When I had done, Pip seeming a little uncomfortable, put the question to me, "I hope I may suppose that you would not be amused if they did me any harm?"

"No, no, you may be sure of that," I assured him, "You may be certain that I laugh because they fail. Oh, those people with Miss Havisham, and the tortures they undergo!" I laughed again, in spite of myself, much to the further confusion of Pip. Seeing this, I decided to clarify things. "It is not easy for even you," I began, "to know what satisfaction it gives me to see those people thwarted, or what an enjoyable sense of the ridiculous I have when they are made ridiculous. For you were not brought up in that strange house from a mere baby—I was. You had not your little wits sharpened by their intriguing against you, suppressed and defenseless, under the mask of sympathy and pity and what not that is soft and soothing—I had. You did not gradually open your round childish eyes wider and wider to the discovery of that imposter of a woman who calculates her stores of peace of mind for when she wakes up in the night—I did.

I wasn't laughing now, or indulging in any feelings of delight. It had all been swallowed up in my hate. The mere calling upon these loathsome memories that were ever carved into my mind and engraved upon my frozen heart, never ceased to stoke up my eternal scorn for those people that surround Miss Havisham.

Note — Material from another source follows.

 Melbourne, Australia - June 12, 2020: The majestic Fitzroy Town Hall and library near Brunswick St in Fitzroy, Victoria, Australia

"Two things I can tell you," I continued, upon reining in my stray emotions and arranging myself in composure. "First, notwithstanding the proverb that constant dropping will wear away a stone, you may set your mind at rest that these people never will—never would in a hundred years—impair your ground with Miss Havisham, in any particular, great or small. Second, I am beholden to you as the case of their being so busy and so mean in vain, and there is my hand upon it."

I placed my hand upon his in a playful manner, as a token of my assertion. As I did so, Pip's features grew ever more noticeable shrouded in his absurd obsession over me. I watched disinterestedly as the young man, with exaggerated slowness, closed his hand over mine and raised it to his lips.

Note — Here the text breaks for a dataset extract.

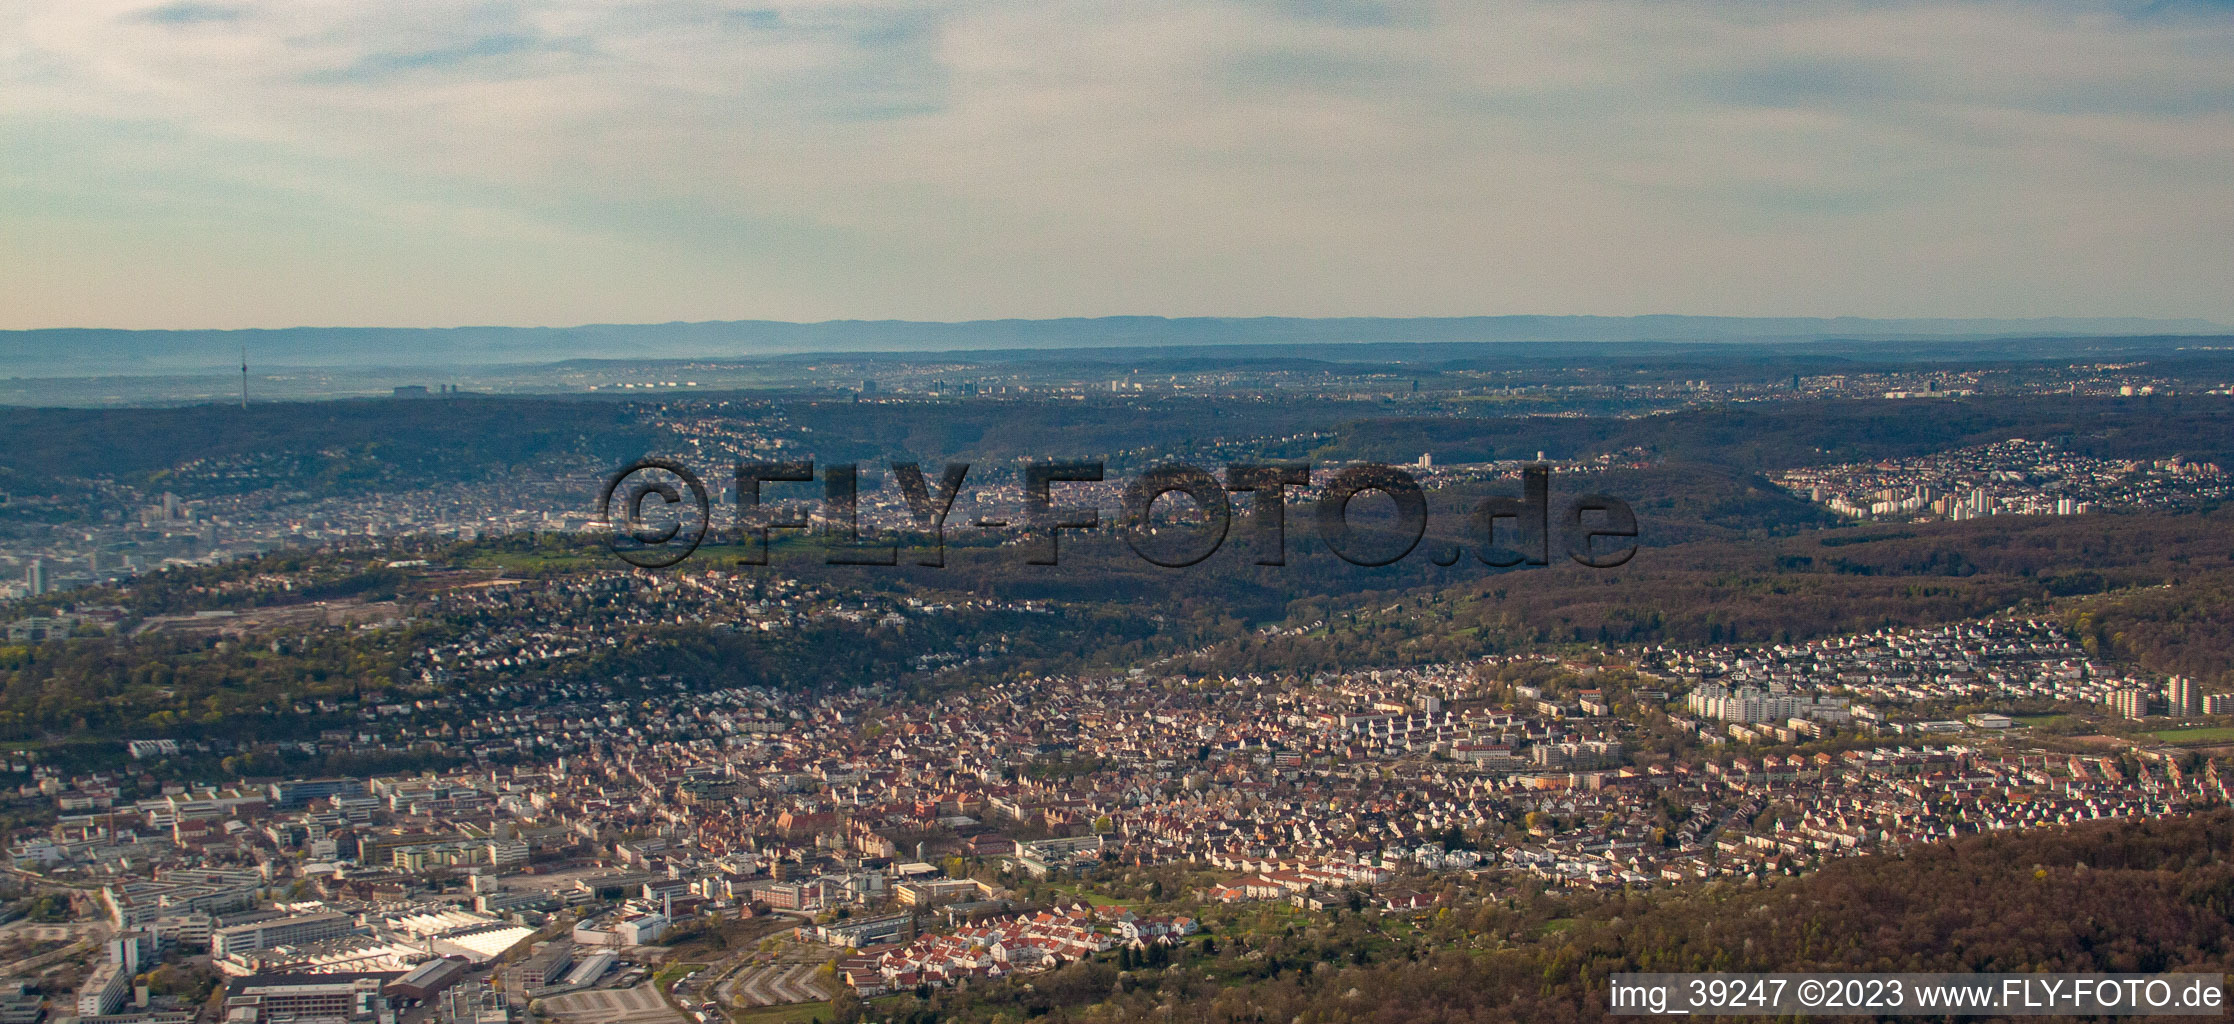 Luftbild von Ortsteil Zuffenhausen in Stuttgart im Bundesland Baden-Württemberg, Deutschland

"You ridiculous boy," I scolded, "will you never take warning? Or do you kiss my hand in the same spirit in which I once let you kiss my cheek?"

"What spirit was that?" the man asked, his eyes slowly glazing over in embarrassment at my reproof.

"I must think a moment," I told him. Of course I remembered the past event as if it had happened merely moments before, but it was my design to conceal that truth. I sat coolly in my seat, with a pretended look of recognition, then turning to Pip, I resumed. "A spirit of contempt for the fawners and plotters."

"If I say yes, may I kiss the cheek again?"

I sighed inwardly. I truly believed now that the man sitting across from me must be a very dense or stubborn idiot. Would he never learn? Would he never understand? I had given him so many warnings, so as to save him from the painful fate I have been designed to inflict upon him. I starred at childish and generous heart that lay within Pip's bosom, and hesitated to crush it, even if it was Miss Havisham's bidding. No, there was no hope for me, I knew, but I held my breath for Pip. If I could just convince that silly boy to heed my warnings, he'd be safe; he'd be one less man to bite the dust at Miss Havisham's hand through mine.

"You should have asked before you touched the hand," I told him, forcing rigid flippancy to give performance yet again, "but, yes, if you like."

I inclined my cheek toward the man, remaining very still, so as to give the notion that I was wrought of stone. (In truth, such a notion would not be far off.) I glided away from him the very instant I felt his lips upon my skin, then carried on with Miss Havisham's plans, that ever rode before my waking eye as a steel sledge upon hard ice. "Now, you are to take care that I have some tea, and you are to take me to Richmond." We were not free to do else.